As I would eventually learn, this wasn't entirely accurate; Moog invented a great number of brilliant instruments during his life, the most famous of which was the Minimoog. And while it was not the first synthesizer ever invented, it was the first commercially available modern synthesizer, the instrument that brought the concept of electronic music to the masses.

I only had one encounter with the man in person. He was giving a presentation at UNC Asheville, where I was a freshman music student. I didn’t know much about analog synthesizers at the time, and having been introduced to them in the days of digital sample-based instruments, I couldn’t understand their limitations. During the Q&A part of his talk, I asked why his instruments could only play one note at a time. It was a question I would later realize was both ignorant and somewhat rude. Luckily, he took it well and explained that to achieve polyphony with all analog equipment would be incredibly costly, not to mention heavy.




I still didn’t understand until my final semester of school, when I got to play in the Music Department’s analog synth lab. The room was basically a closet in those days, but it had a Voyager, a rack of Moogerfooger pedals, and a Theremin. As soon as I started playing them, I could hear and feel a visceral difference from the digital keyboards I was accustomed to. It felt like playing a “real” instrument. It started me on the path I am on today.
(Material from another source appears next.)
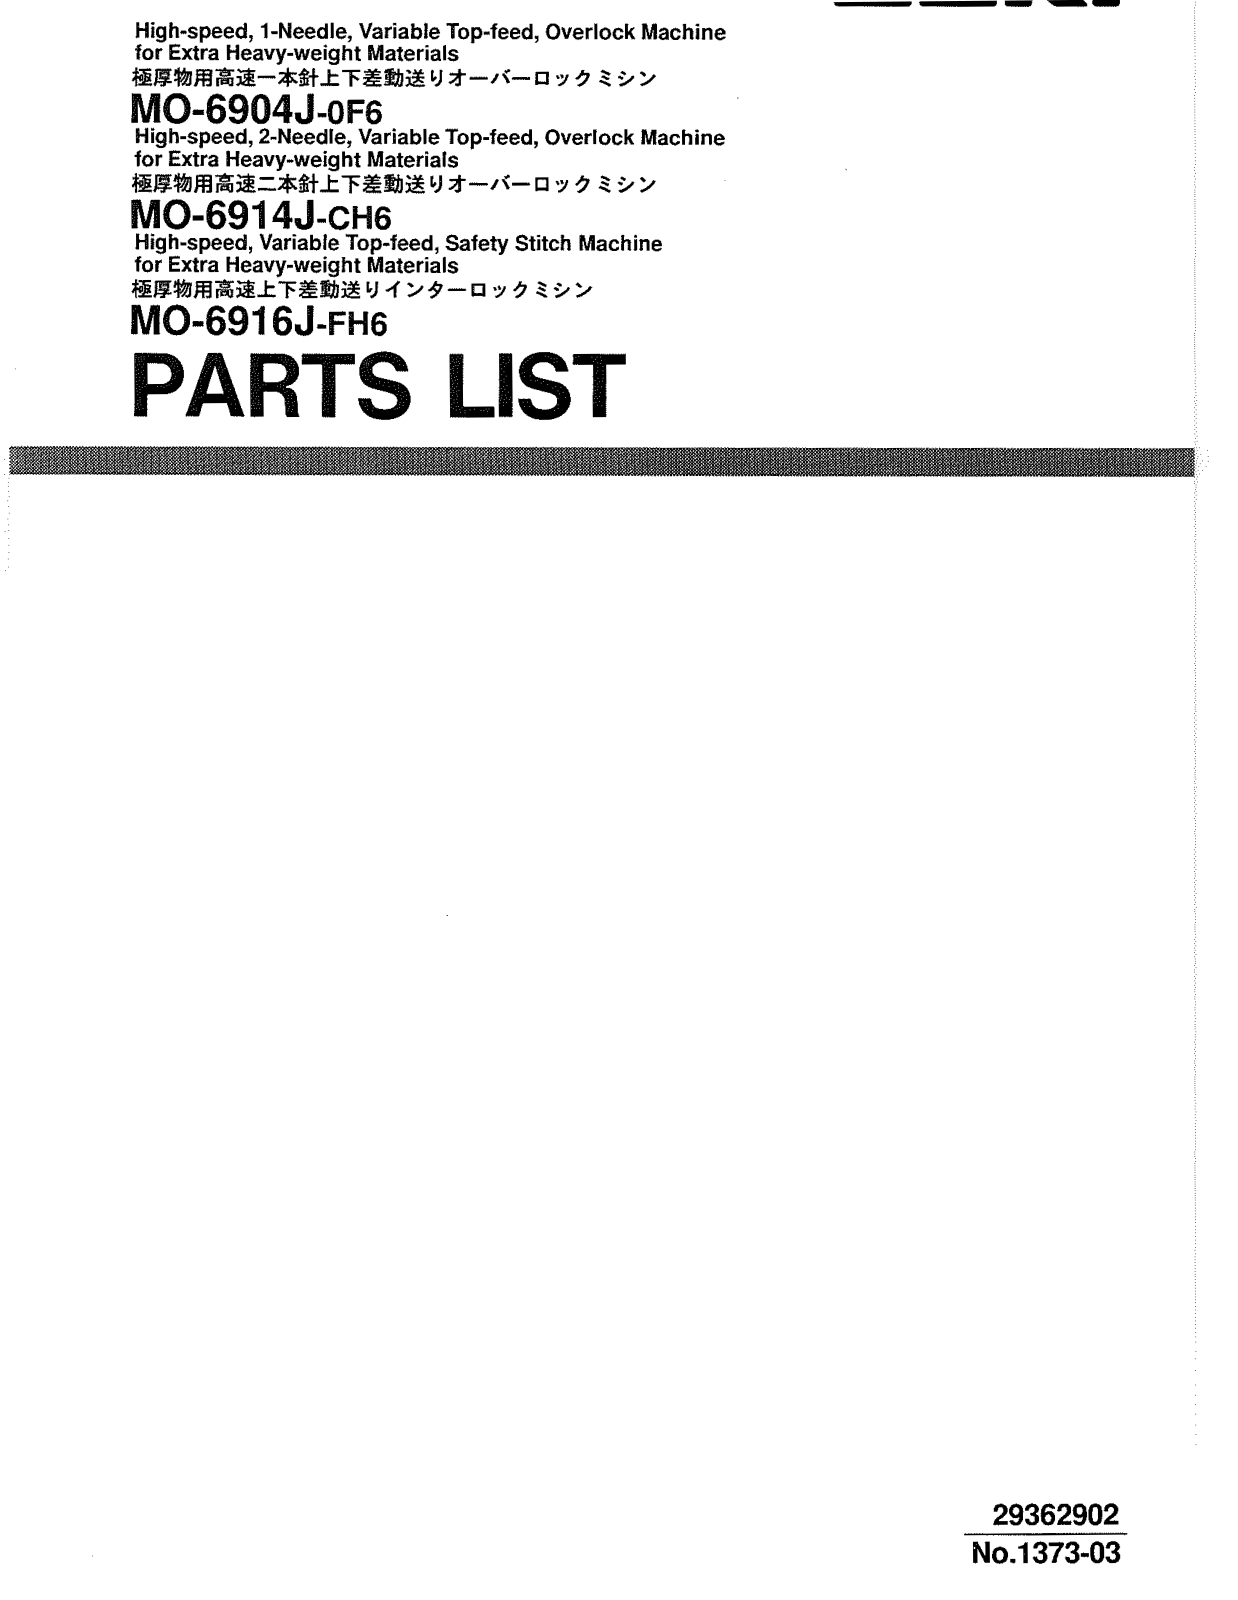 Juki MO-6904J-OF6, MO-6914J-CH6, MO-6916J-FH6 Parts List
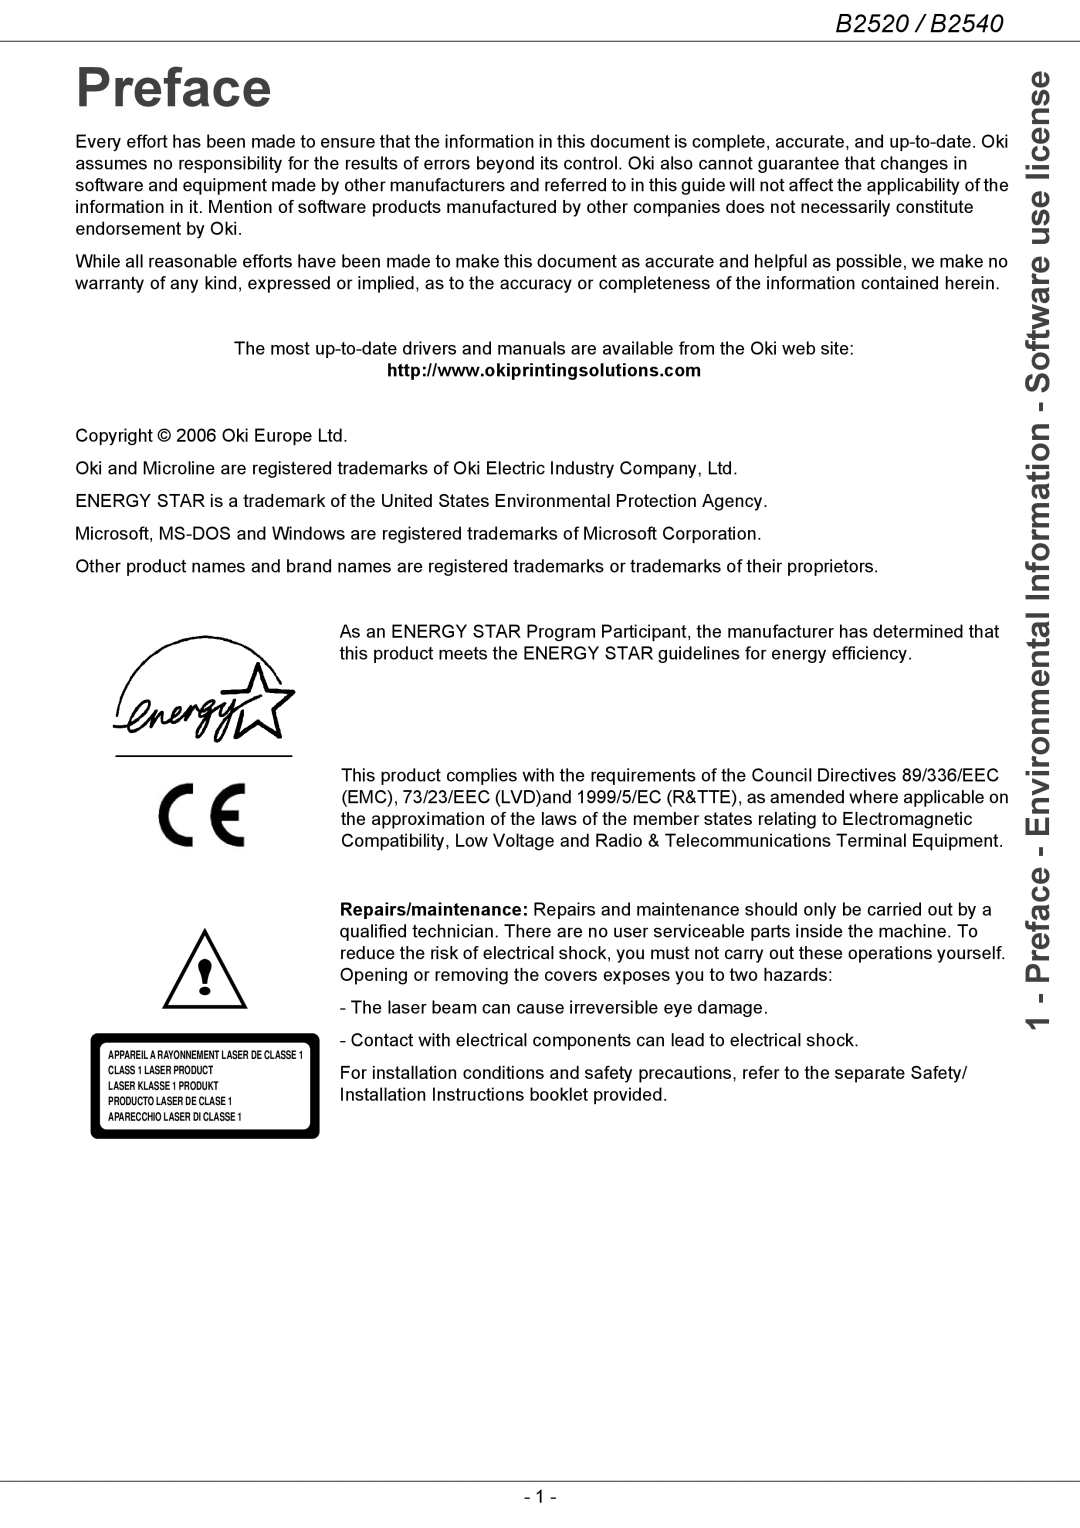 Oki B2500 Series manual Information - Software use license, Preface - Environmental, B2520 / B2540

After leaving school, I worked at Moog Music, calibrating Voyagers for a few years. I’ve also done volunteer work with the Bob Moog Foundation, bringing hand-on synth exhibits to schools and festivals. I’ve built the PsybOrg, incorporating nearly every piece of gear Moog Music made at the time I left them. And last week, after several years of attending Moogfest as a spectator, I got to play on an official stage at the event, alongside some of Asheville’s finest talent. Our event, Colliderfest, was one of the free events offered by Moogfest and was sponsored by the Asheville-Buncombe Sustainable Community Initiatives and the Asheville Area Arts Council.